PiperOrigin-RevId: 339929158 Change-Id: I8592aa6e2cec32a2ba97743a6f022f263f0f65e2
2020-10-30 13:25:03 -07:00 · 2020-10-30 13:25:03 -07:00 · 84384703c0
commit 84384703c0
parent 60ac36f504
2 changed files with 42 additions and 43 deletions
--- a/tensorflow/python/distribute/coordinator/cluster_coordinator.py
+++ b/tensorflow/python/distribute/coordinator/cluster_coordinator.py
@ -291,11 +291,11 @@ class PerWorkerValues(object):
  """A container that holds a list of values, one value per worker.
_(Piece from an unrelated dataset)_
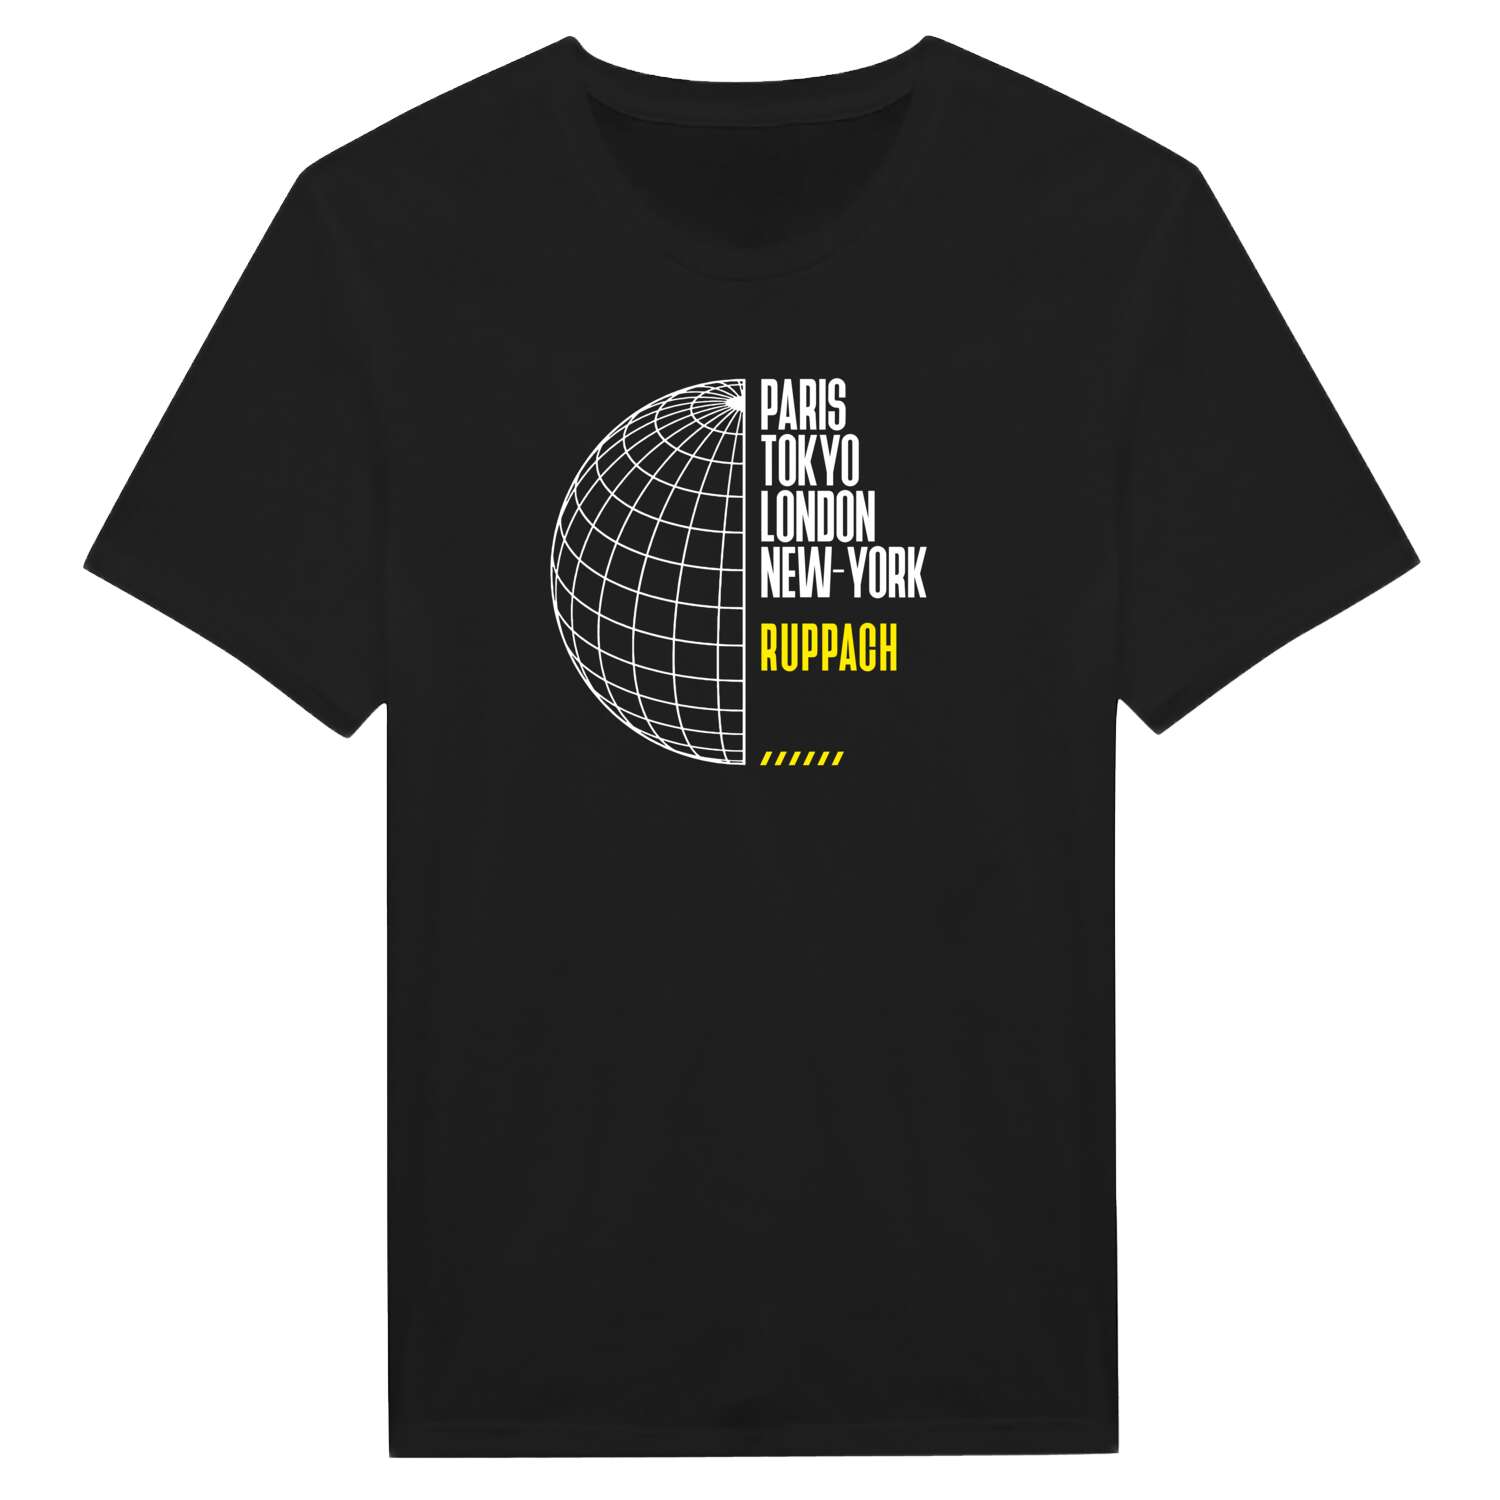 Ruppach T-Shirt »Paris Tokyo London«

  `tf.distribute.experimental.coordinator.PerWorkerValues` contains a collection
-  of values, where each of the value is located one worker respectively, and
-  upon being used as one of the `args` or `kwargs` of
+  of values, where each of the values is located on its corresponding worker,
+  and upon being used as one of the `args` or `kwargs` of
  `tf.distribute.experimental.coordinator.ClusterCoordinator.schedule()`, the
  value specific to a worker will be passed into the function being executed at
-  that particular worker.
+  that corresponding worker.

  Currently, the only supported path to create an object of
  `tf.distribute.experimental.coordinator.PerWorkerValues` is through calling
@ -948,14 +948,13 @@ class ClusterCoordinator(object):
  failed worker, it will be added for function execution after datasets created
  by `create_per_worker_dataset` are re-built on it.
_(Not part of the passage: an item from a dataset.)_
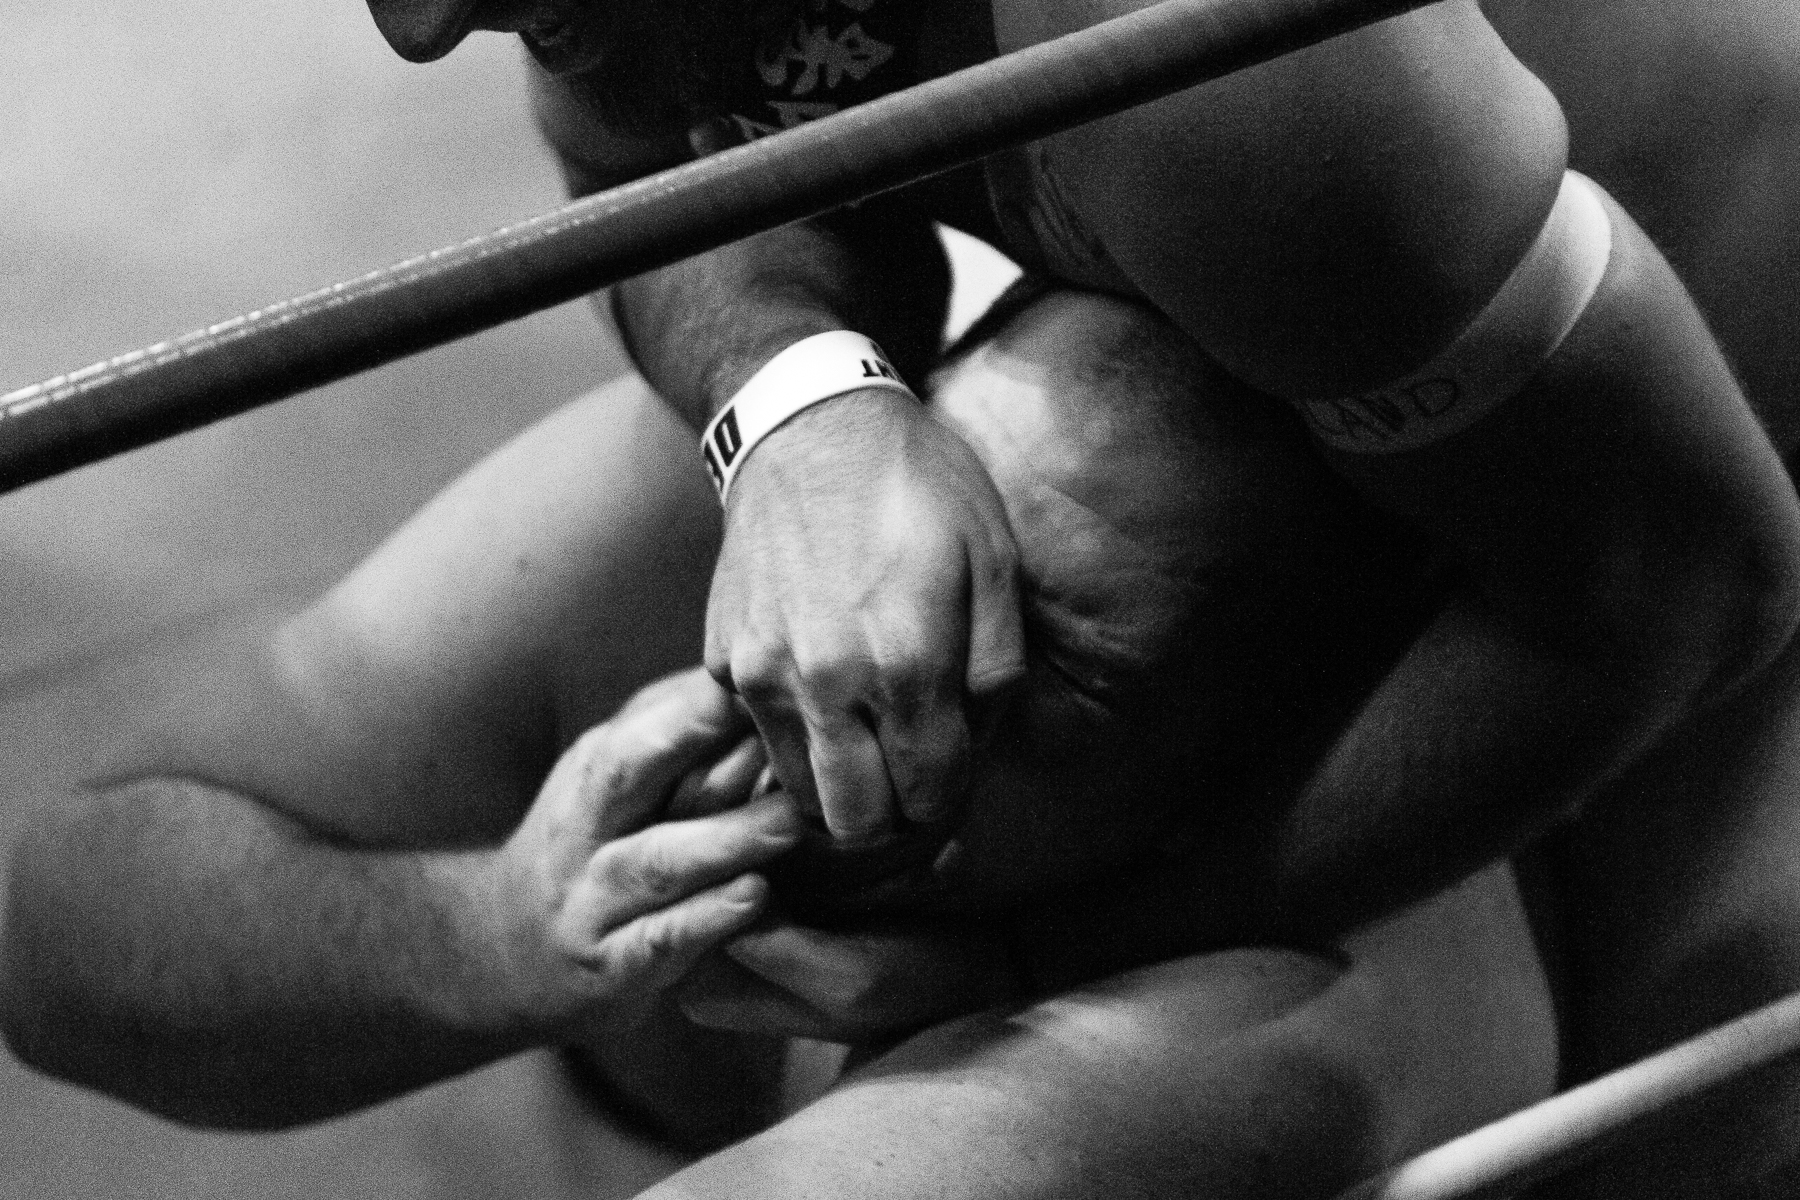 andre-hermann-wrestling-1.jpg

-  When a parameter server the coordinator fails, a
-  `tf.errors.UnavailableError` is raised by `schedule`, `join` or `done`. In
-  this case, in addition to bringing back the failed parameter server, users
-  should restart the coordinator to so that it reconnects to the parameter
-  server, re-creates the variables and loads checkpoints. If the coordinator
-  fails, users need to bring it back as well. The program will automatically
-  connect to the parameter servers and workers, and continue the progress from a
-  checkpoint.
+  When a parameter server fails, a `tf.errors.UnavailableError` is raised by
+  `schedule`, `join` or `done`. In this case, in addition to bringing back the
+  failed parameter server, users should restart the coordinator so that it
+  reconnects to workers and parameter servers, re-creates the variables, and
+  loads checkpoints. If the coordinator fails, after the user brings it back,
+  the program will automatically connect to workers and parameter servers, and
+  continue the progress from a checkpoint.

  It is thus essential that in user's program, a checkpoint file is periodically
  saved, and restored at the start of the program. If an
@ -1137,7 +1136,7 @@ class ClusterCoordinator(object):

    def per_worker_dataset_fn():
      return strategy.distribute_datasets_from_function(
-          lambda x: tf.data.from_tensor_slices([3] * 3)
+          lambda x: tf.data.Dataset.from_tensor_slices([3] * 3))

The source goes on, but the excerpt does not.